To do> Exclude all pictures from your copy of the data below, which should otherwise match exactly.

Supplied material>
——————

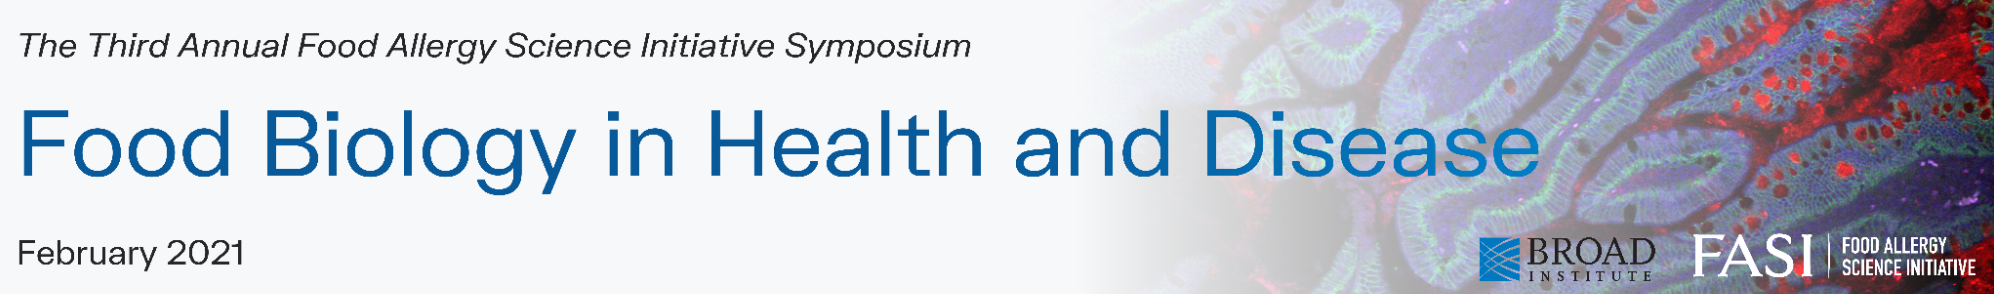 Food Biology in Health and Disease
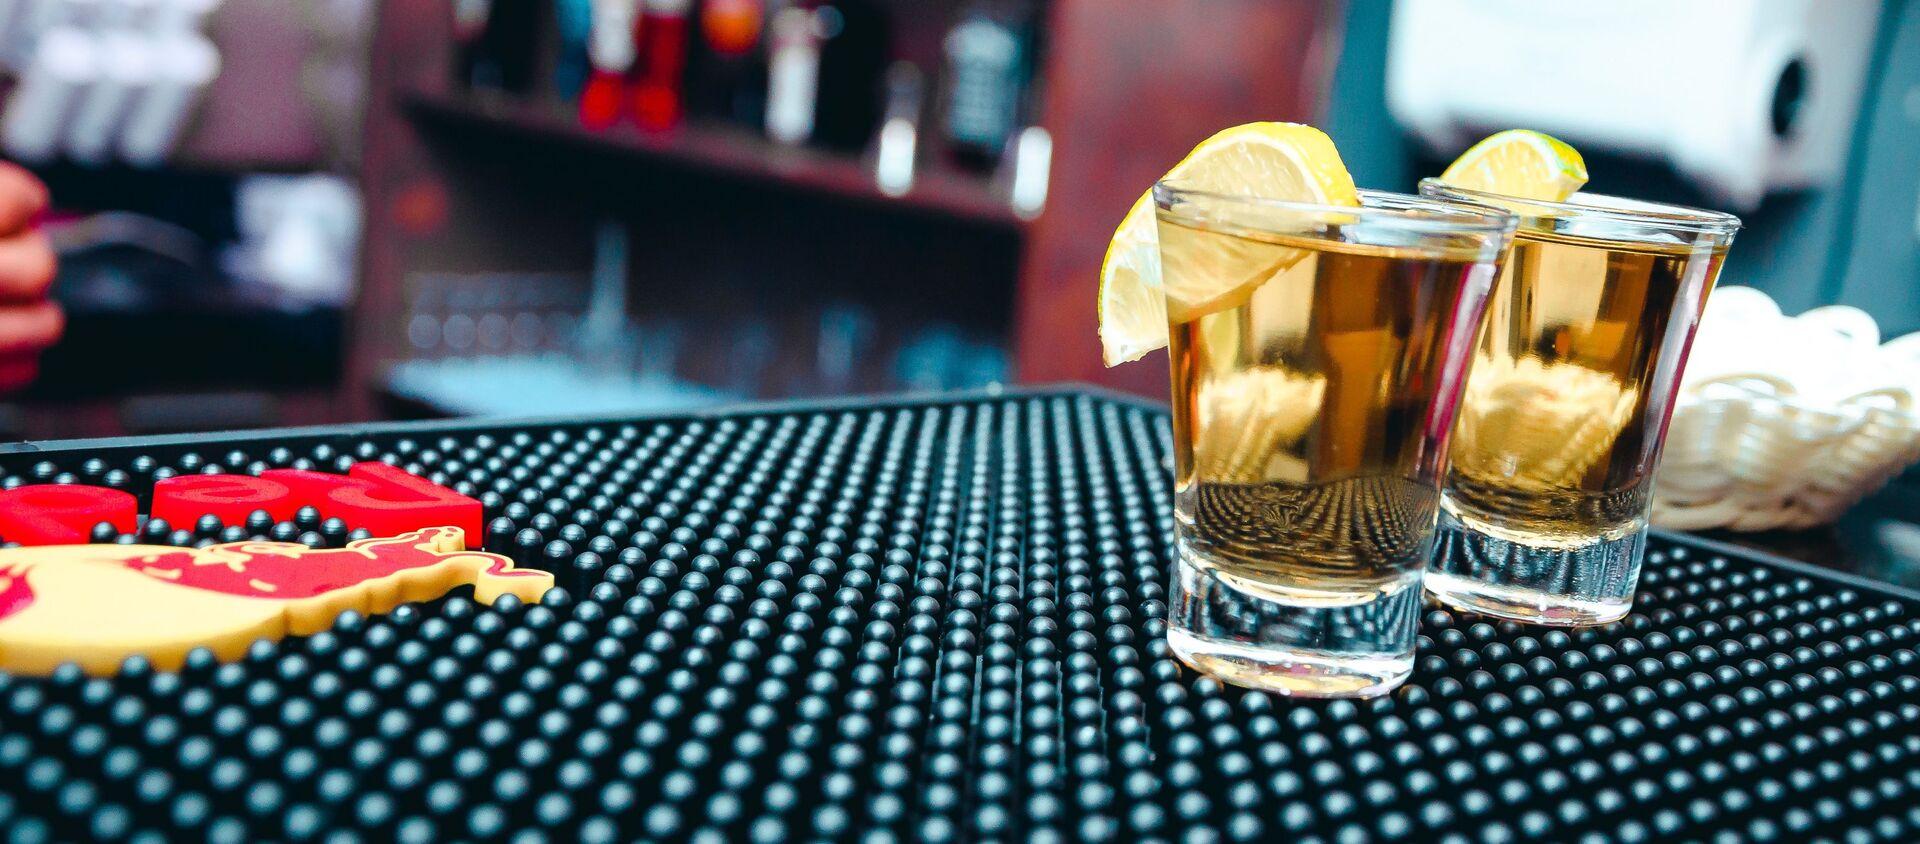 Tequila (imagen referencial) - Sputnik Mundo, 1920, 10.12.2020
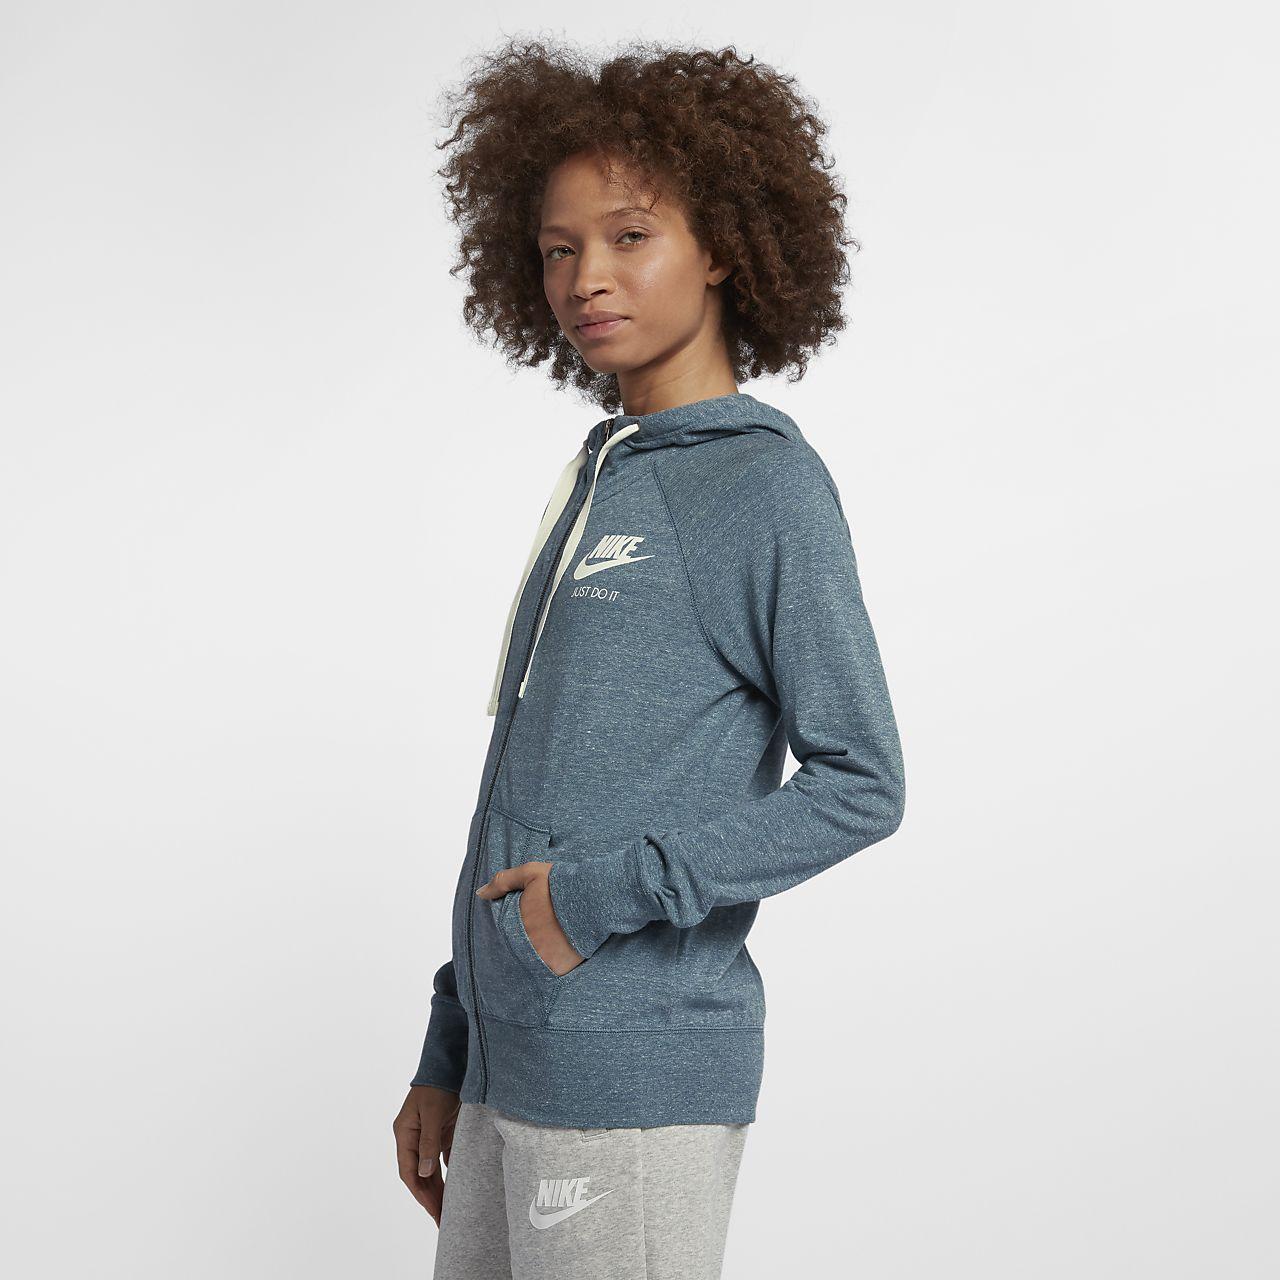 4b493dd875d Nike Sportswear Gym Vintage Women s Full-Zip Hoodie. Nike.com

——————

Answer section>
 Food Biology in Health and Disease
 Tequila (imagen referencial) - Sputnik Mundo, 1920, 10.12.2020
 4b493dd875d Nike Sportswear Gym Vintage Women s Full-Zip Hoodie. Nike.com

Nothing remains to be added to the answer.